Я настолько хорошо знал этот лес, что, казалось, видел его насквозь, даже в темноте. Случилось, я прошел его от края до края, двигаясь с трех до четырех часов ночи, с ножом в руке. Я возвращался тогда с попойки, и у меня нашлась монета, чтобы позвонить Леше, попроситься на ночлег. «Но, Юра, уже поздно, я хочу спать», — ответил друг и положил трубку. Денег на такси не было, как обычно. Тогда я собрал всю свою волю, весь запас человеческих сил, данных мне природой, и по самому короткому пути, по ночному лесу, двинулся в сторону дома. Я знал, что здесь не раз находили трупы людей — мужчин и женщин, чаще — девушек, которые не возвращались с утренней пробежки или вечерней прогулки. Находили ограбленными, изнасилованными, убитыми. Поэтому я не выпускал из руки нож, который всегда лежал в моем кармане, и внимательно вглядывался в ночную темь. Обошлось, Бог — не друг, он не покинул меня в ту ночь.

Лесопарк давно стал дном мегаполиса, усеянным пустыми бутылками, полиэтиленовыми пакетами, шприцами и презервативами. Казалось, вода в ручье пахла лекарствами и гноем.

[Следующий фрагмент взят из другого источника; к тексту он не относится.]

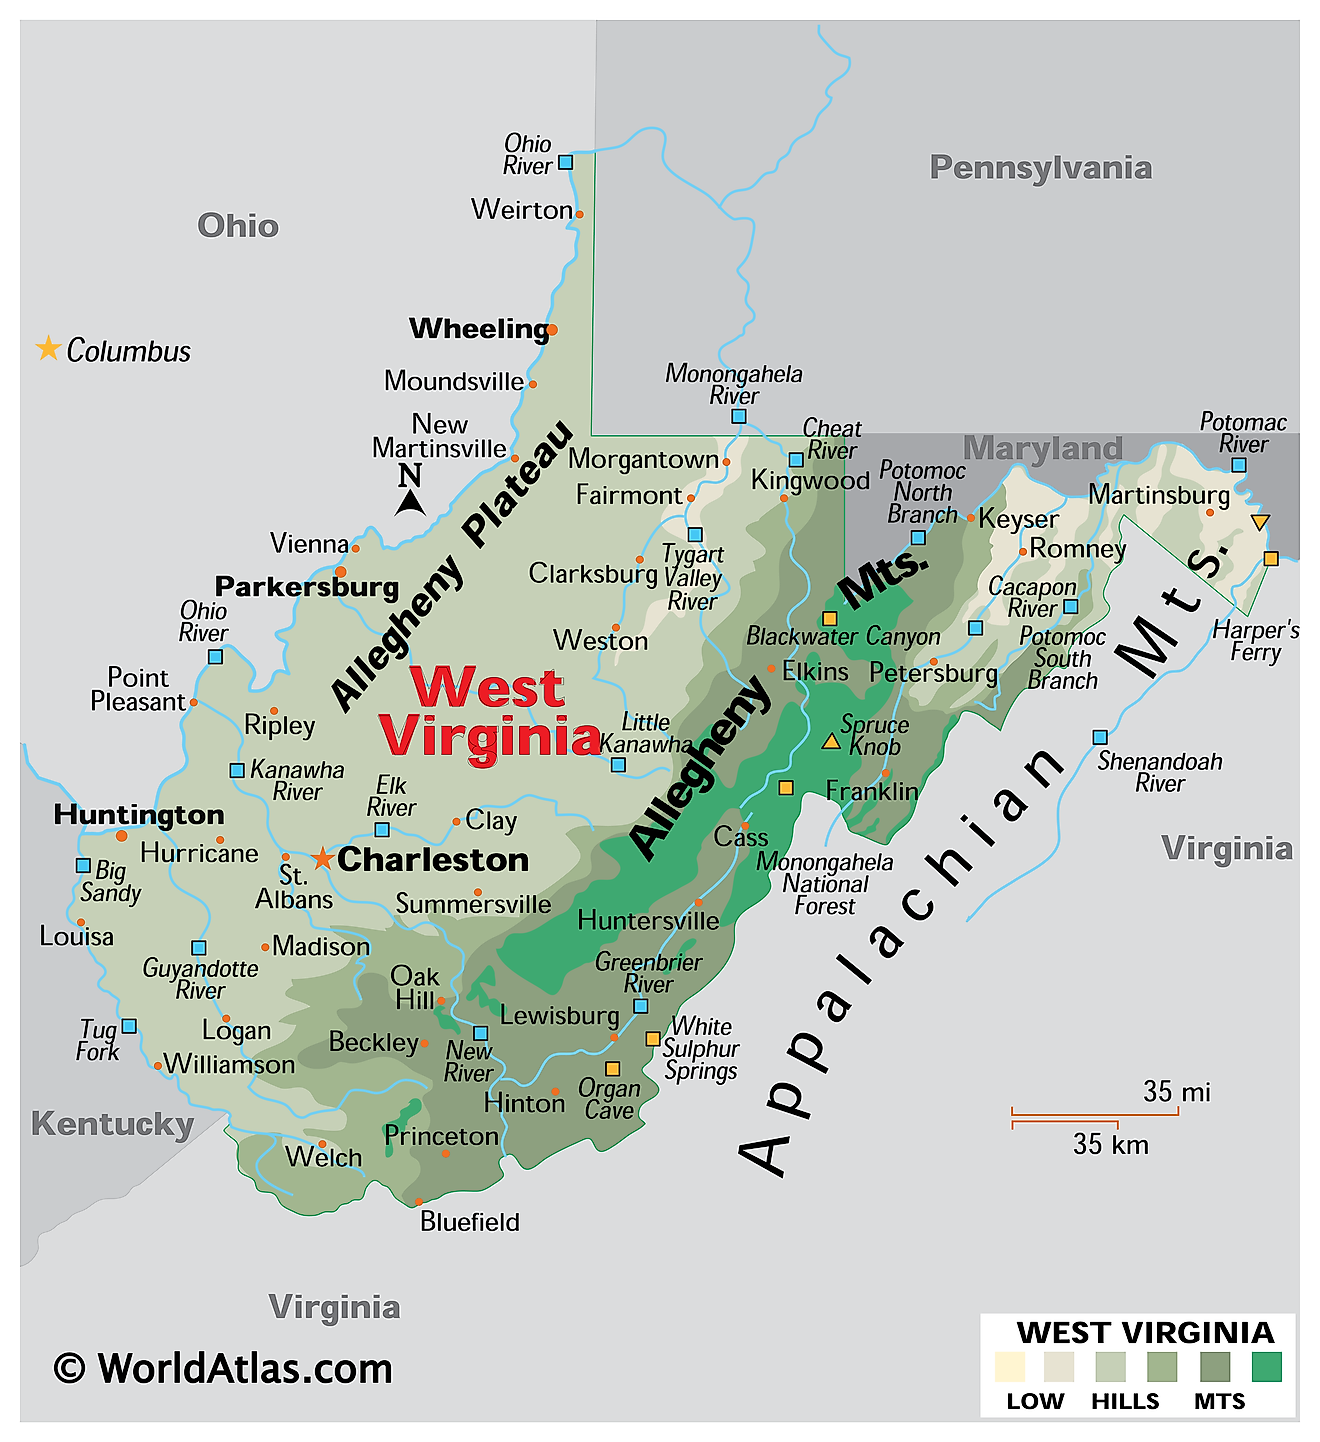 fysisk kort over vest Virginia. Det viser de fysiske træk ved vest Virginia inklusive dets bjergkæder, plateauer og større floder.
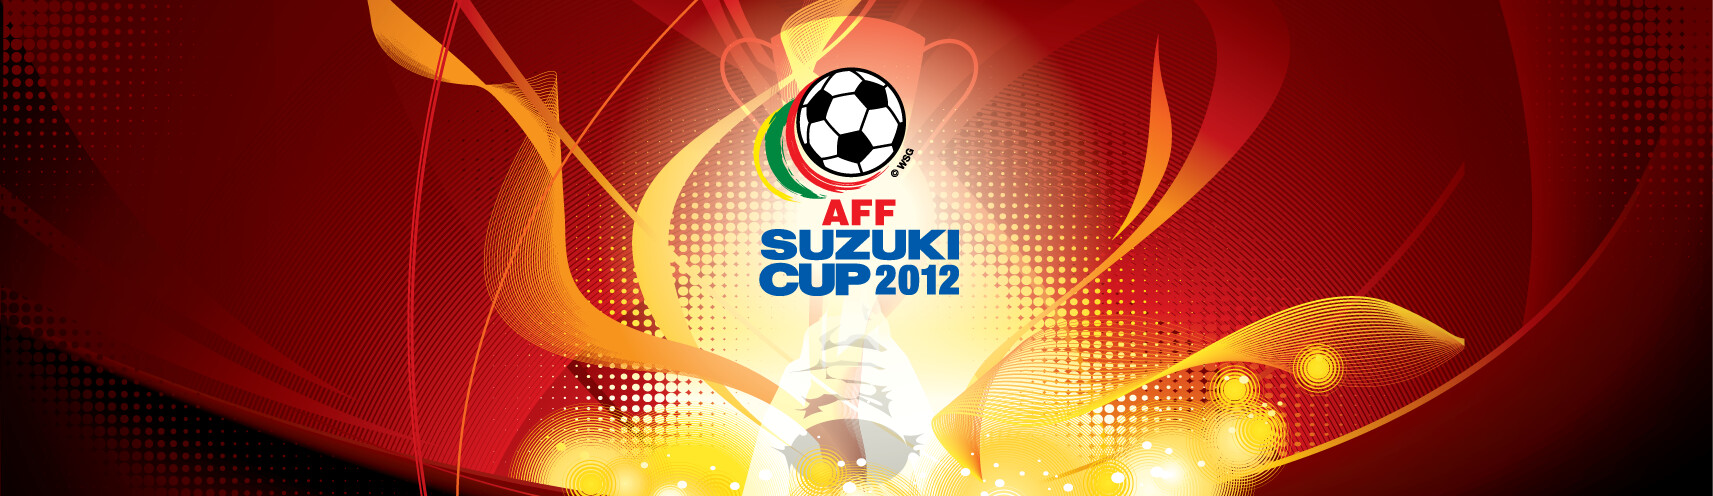 Suzuki cup

Она текла от Больничного городка через весь лес и впадала в пруд, вокруг которого раскинулась гигантская несанкционированная свалка. А над водой летали комары, разносчики малярии, занесенные сюда фруктовым рынком, что раскинулся на другом берегу пруда. Там же, на другом берегу, стояли особняки с зеркальными потолками и мраморными лестницами, построенные на деньги от продажи «дури» — самого подлого бизнеса, который вели менты и цыгане, отцы и матери героина.

Этот Черняевский лесопарк — мутный осадок мегаполиса, квинтэссенция цивилизации, ее выжимка, голая суть. Здесь невозможно было бы жить, если бы не птицы, не рыжие белки, не ипподромовские лошади, которые уносили всадников в сосновые боры, просторные, как Вселенная.